* Supplied information *
..........
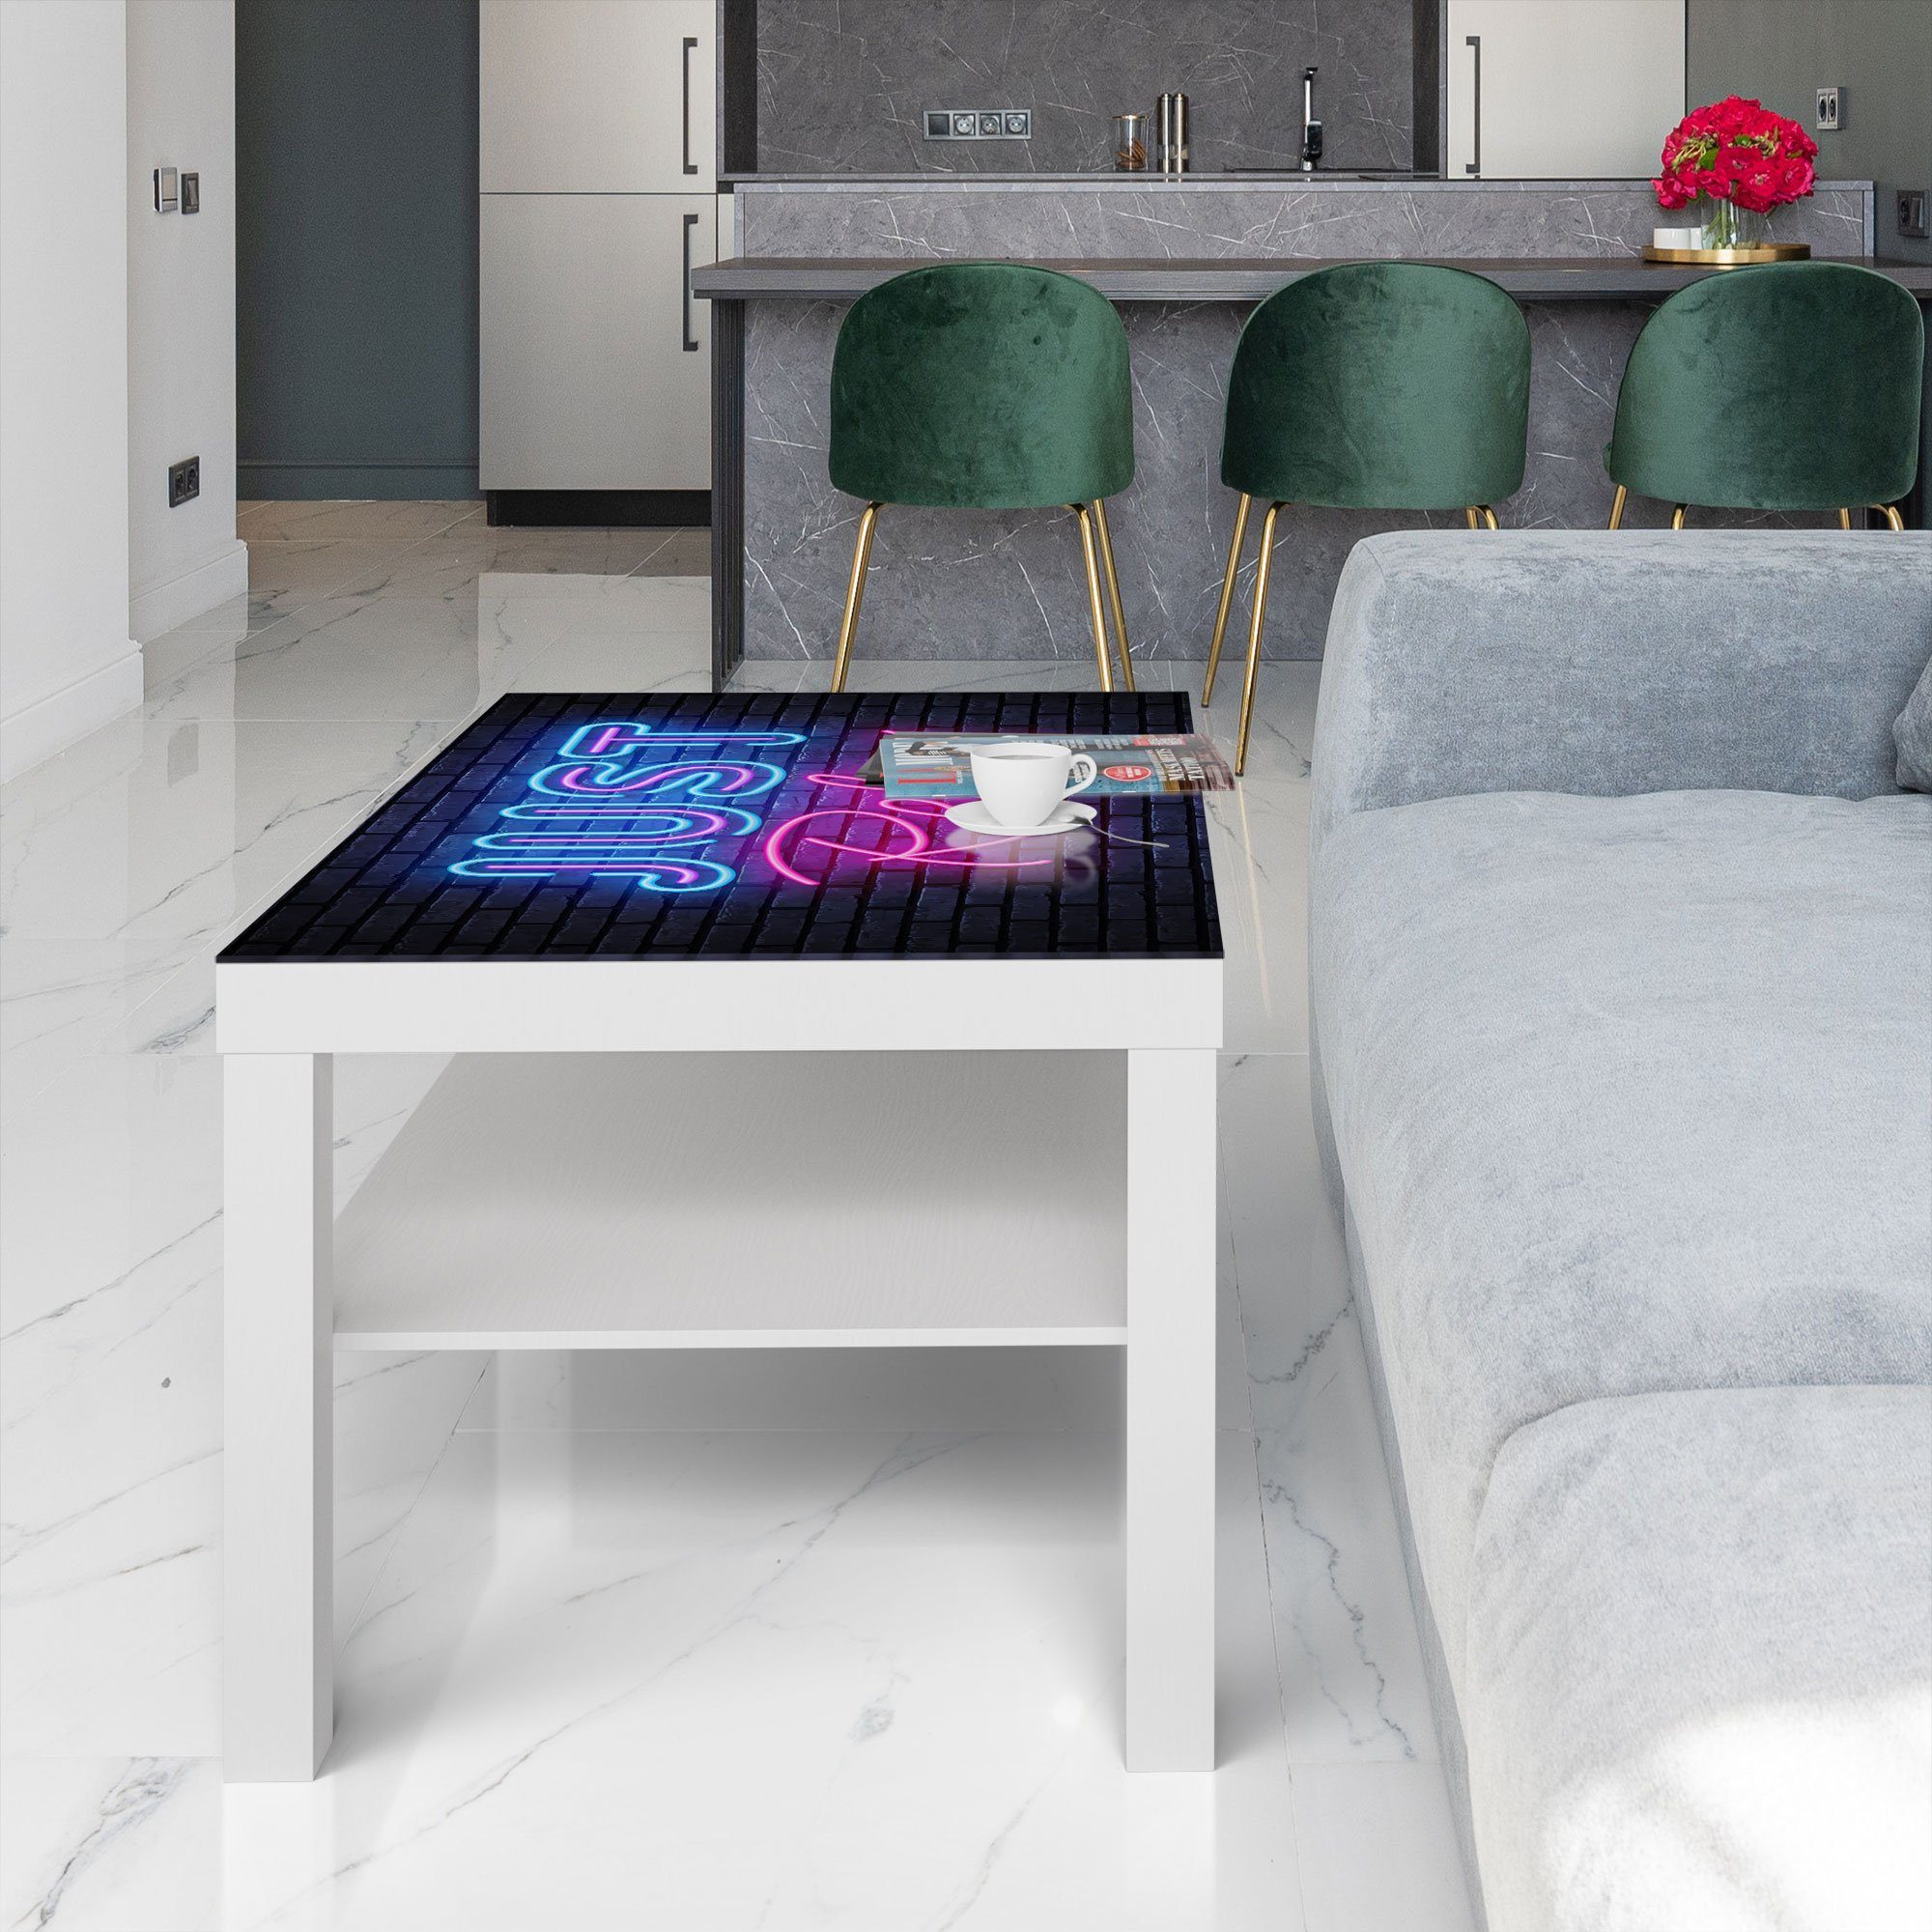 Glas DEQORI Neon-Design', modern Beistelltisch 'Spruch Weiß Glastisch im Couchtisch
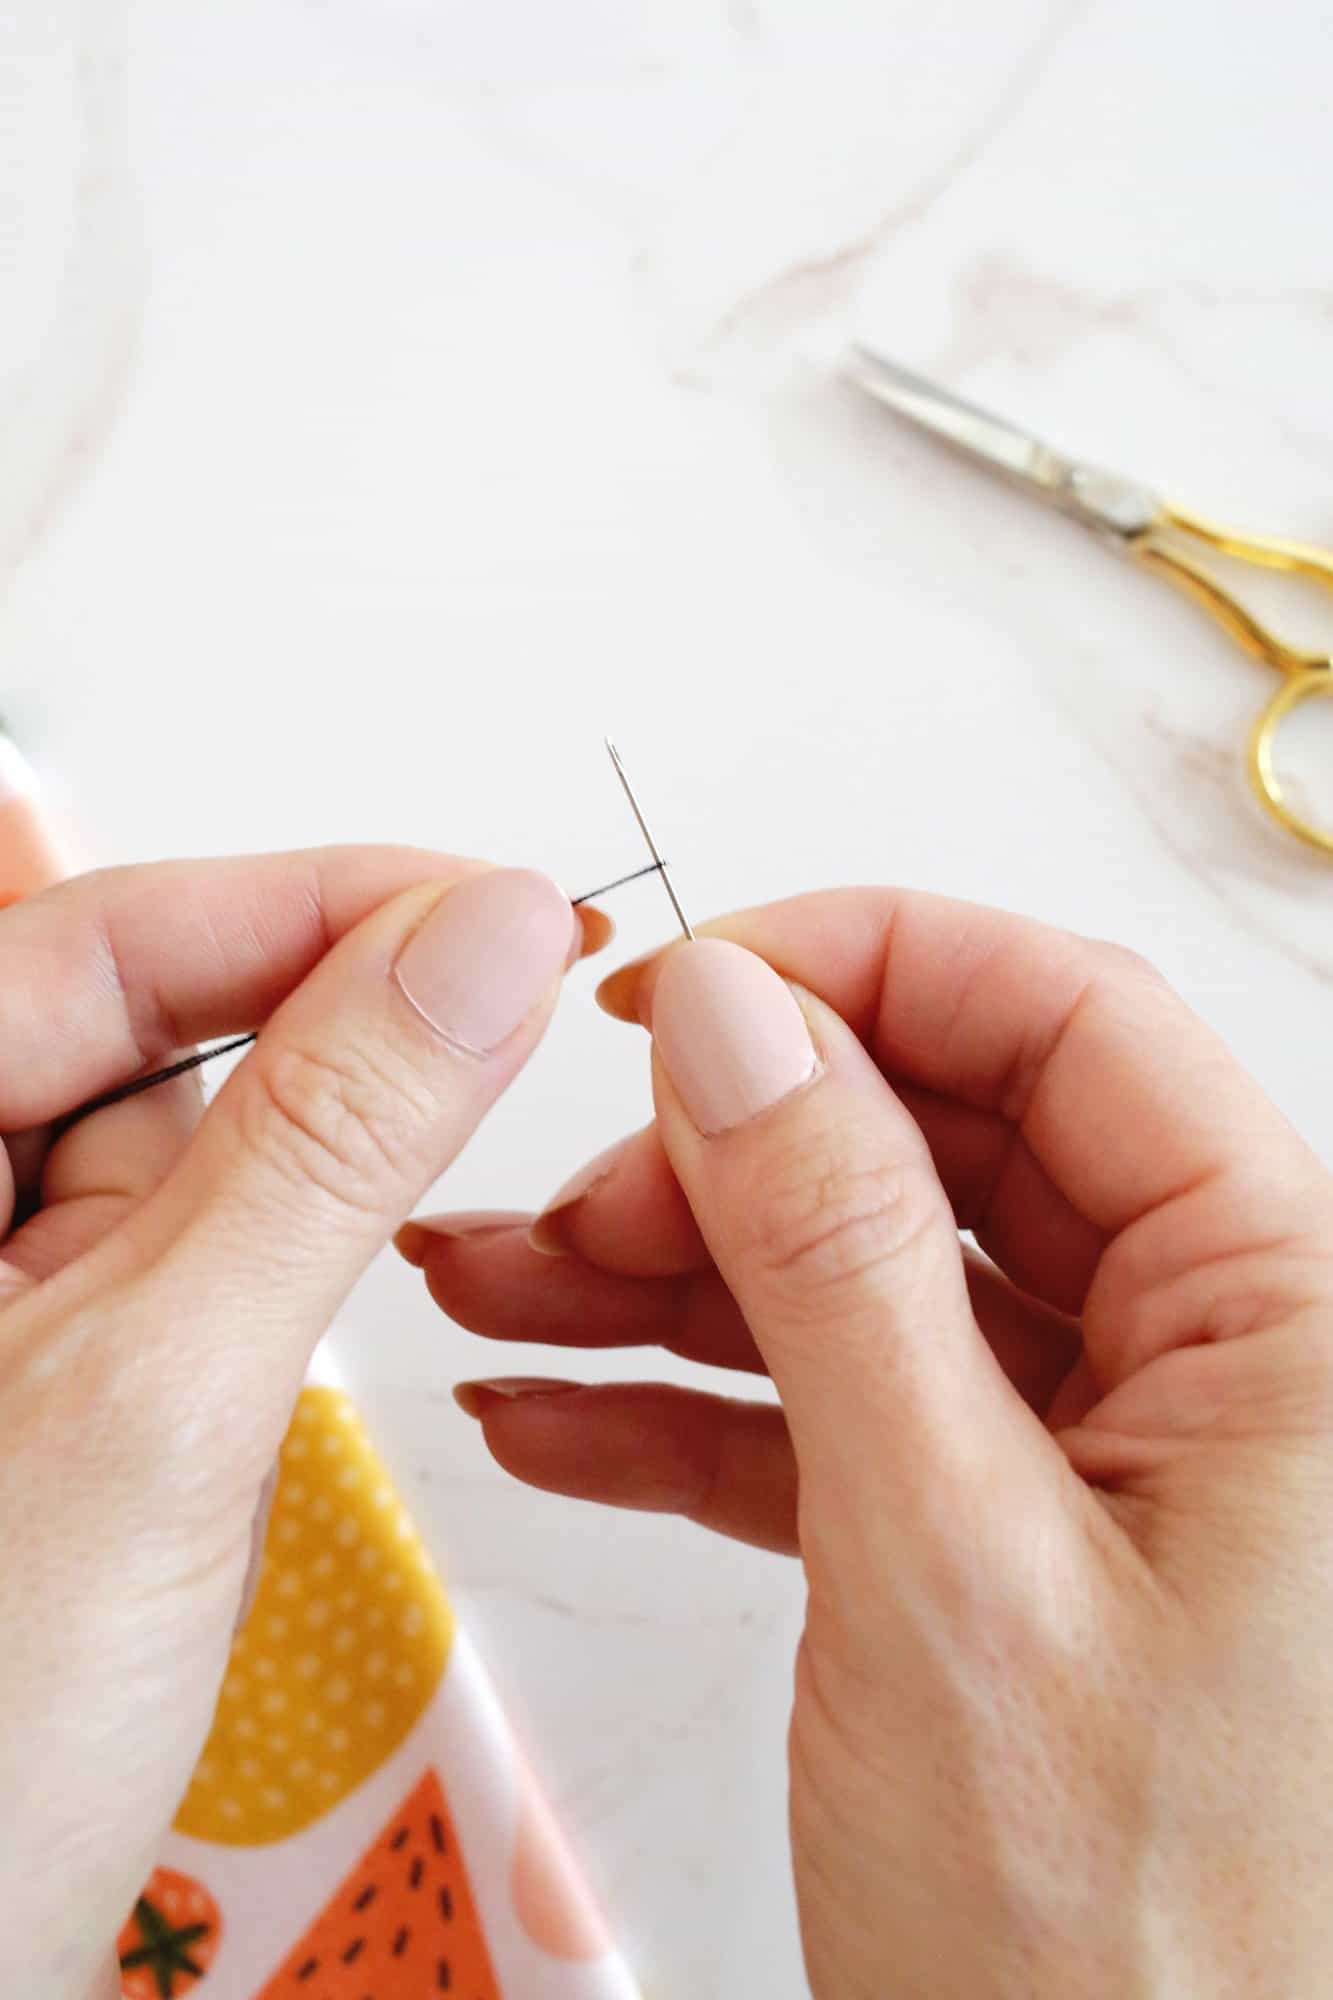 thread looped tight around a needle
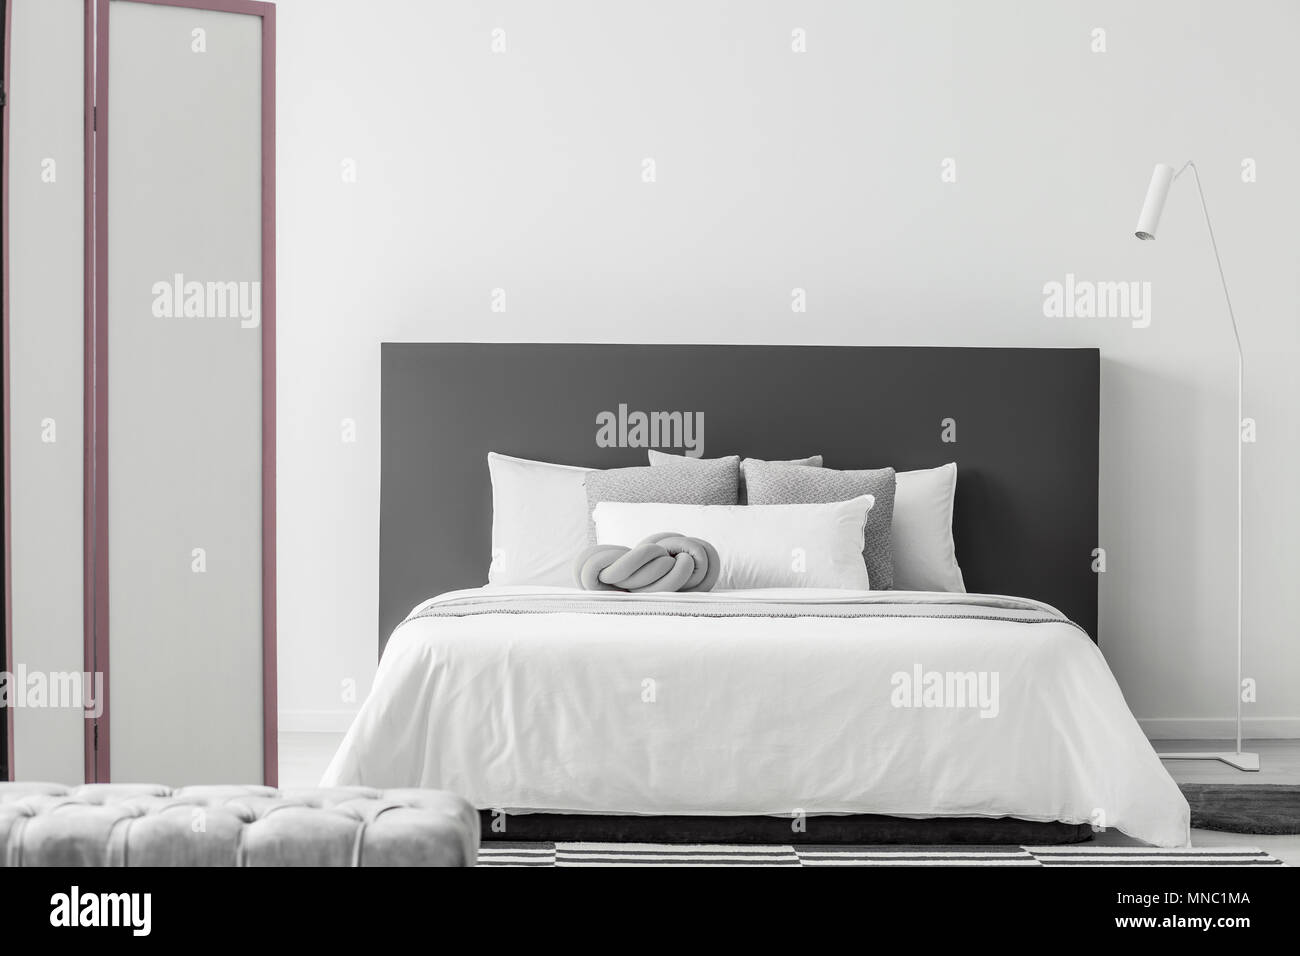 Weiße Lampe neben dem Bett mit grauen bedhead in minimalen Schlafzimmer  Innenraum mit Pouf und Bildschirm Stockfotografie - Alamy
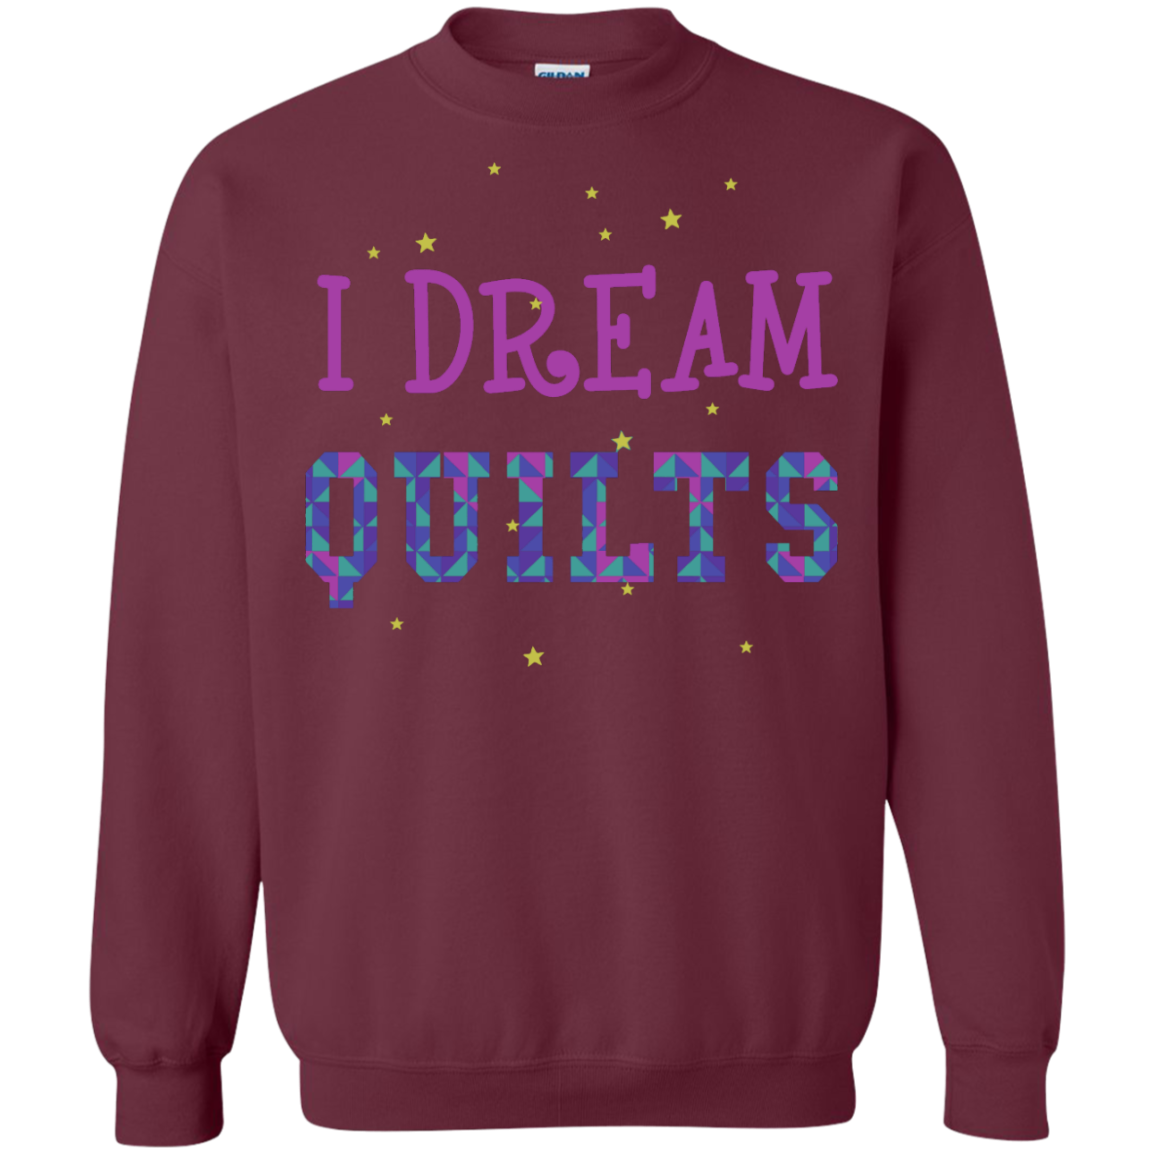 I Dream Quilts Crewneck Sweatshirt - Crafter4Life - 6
..........
* Goal of the exercise *
Give the data above back unchanged, except for the pictures.

* Exercise result *
 Glas DEQORI Neon-Design', modern Beistelltisch 'Spruch Weiß Glastisch im Couchtisch
 thread looped tight around a needle
 Weiße Lampe neben dem Bett mit grauen bedhead in minimalen Schlafzimmer  Innenraum mit Pouf und Bildschirm Stockfotografie - Alamy
 I Dream Quilts Crewneck Sweatshirt - Crafter4Life - 6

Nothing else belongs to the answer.